Source material:

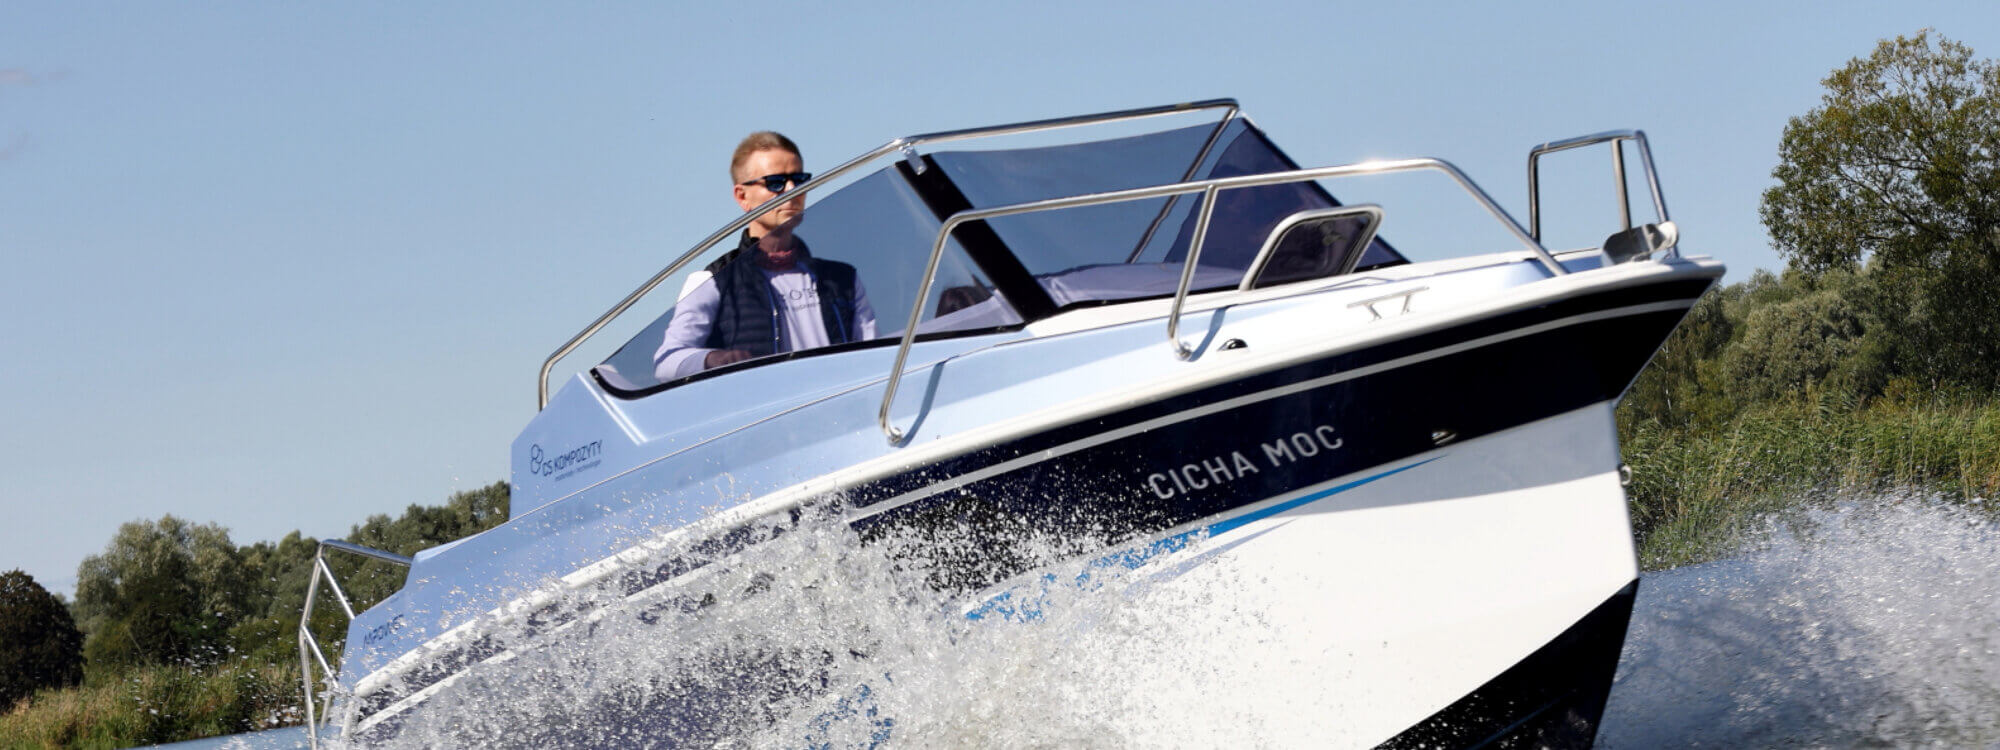 CSK and Scott Bader create the world’s first hydrogen-powered boat
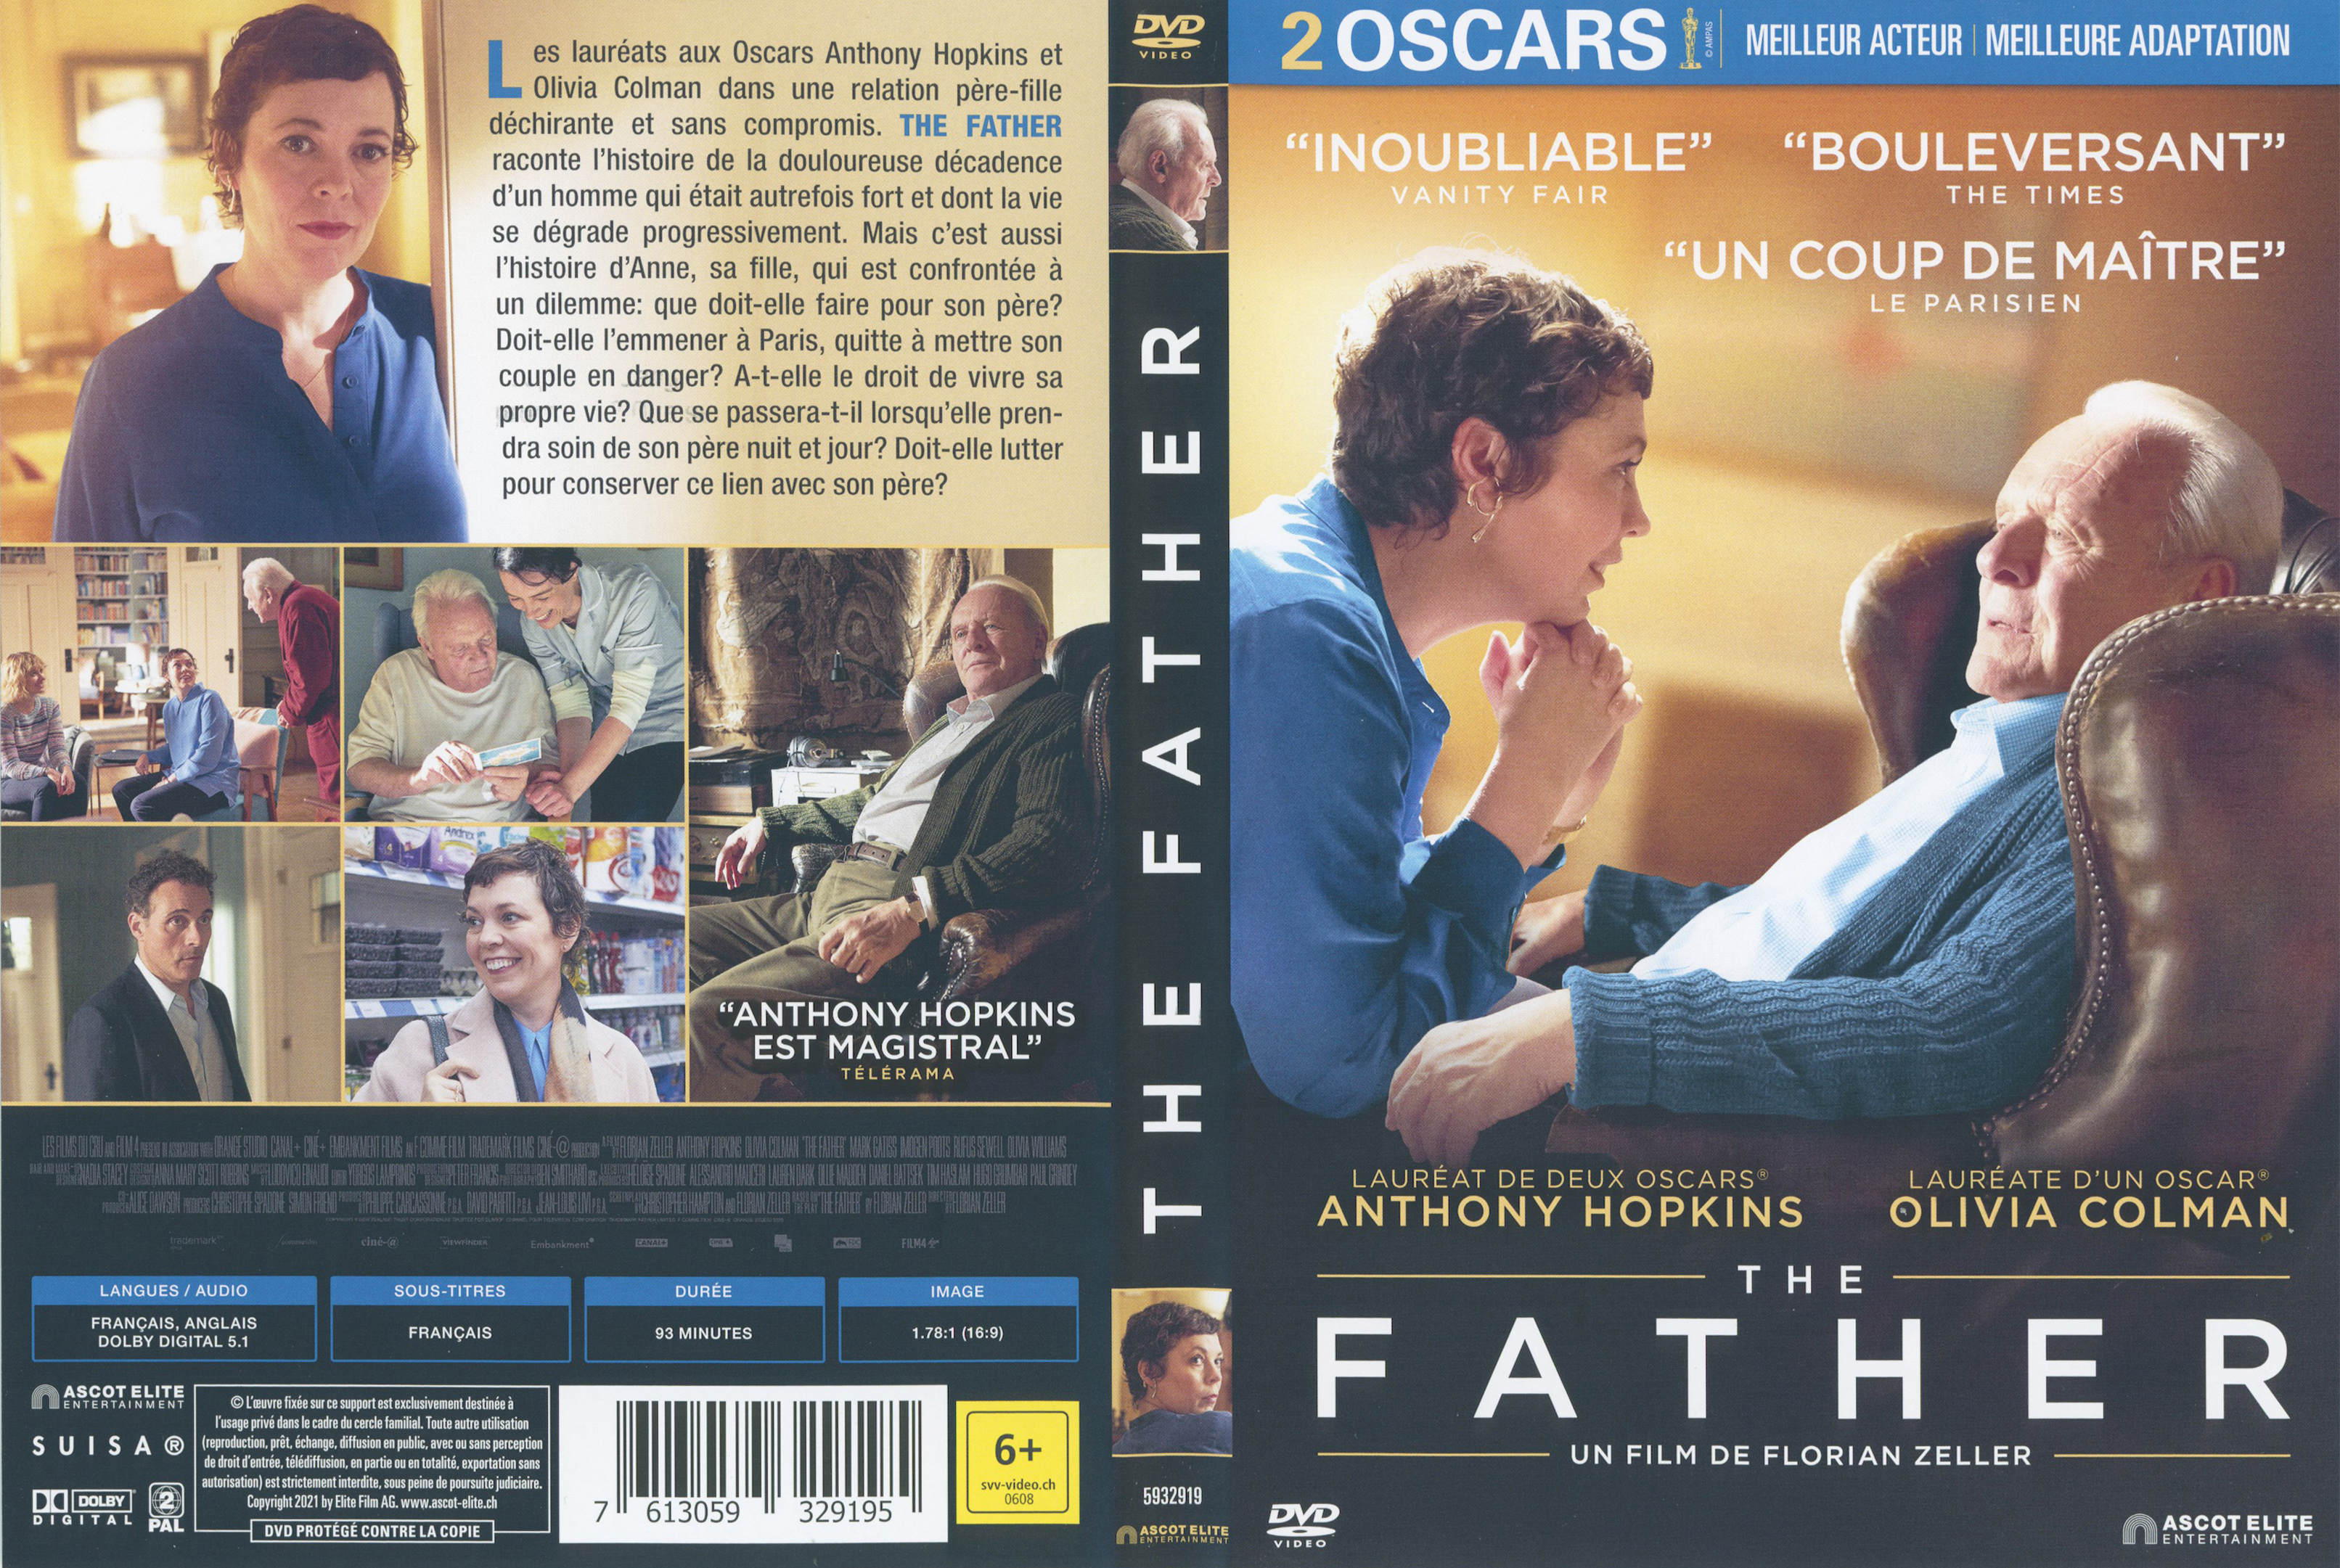 Jaquette DVD The Father v2
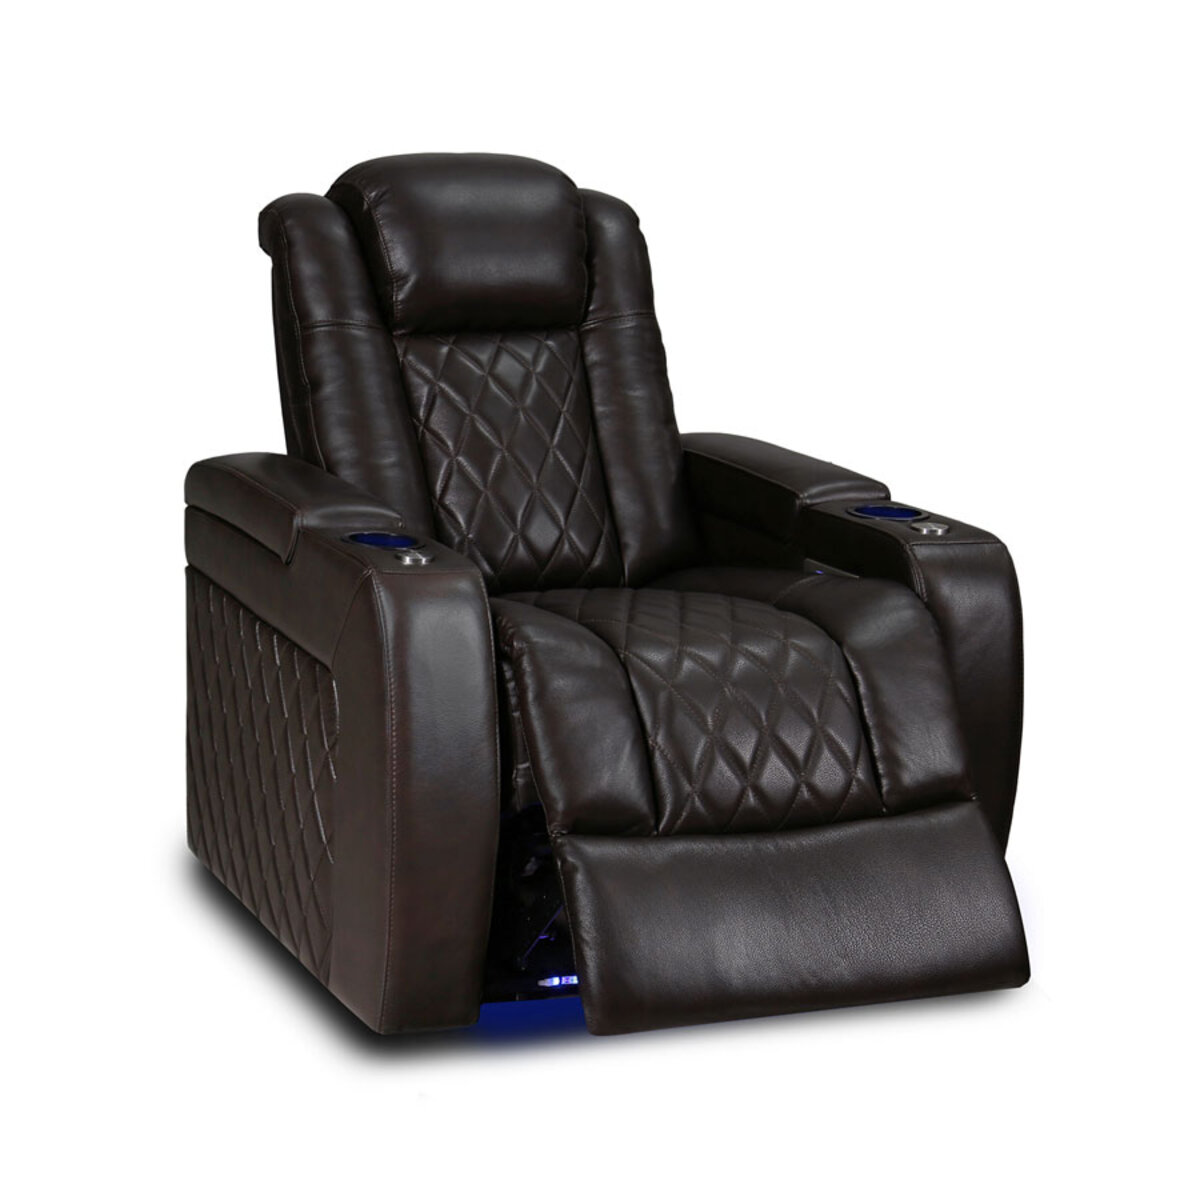 Valencia Home Theatre Seating Tuscany Single Chair, Brown

Activity:
Once the pictures are set aside, transcribe the remaining lines above exactly.

Worked solution:
 CSK and Scott Bader create the world’s first hydrogen-powered boat
 Jaquette DVD The Father v2
 Valencia Home Theatre Seating Tuscany Single Chair, Brown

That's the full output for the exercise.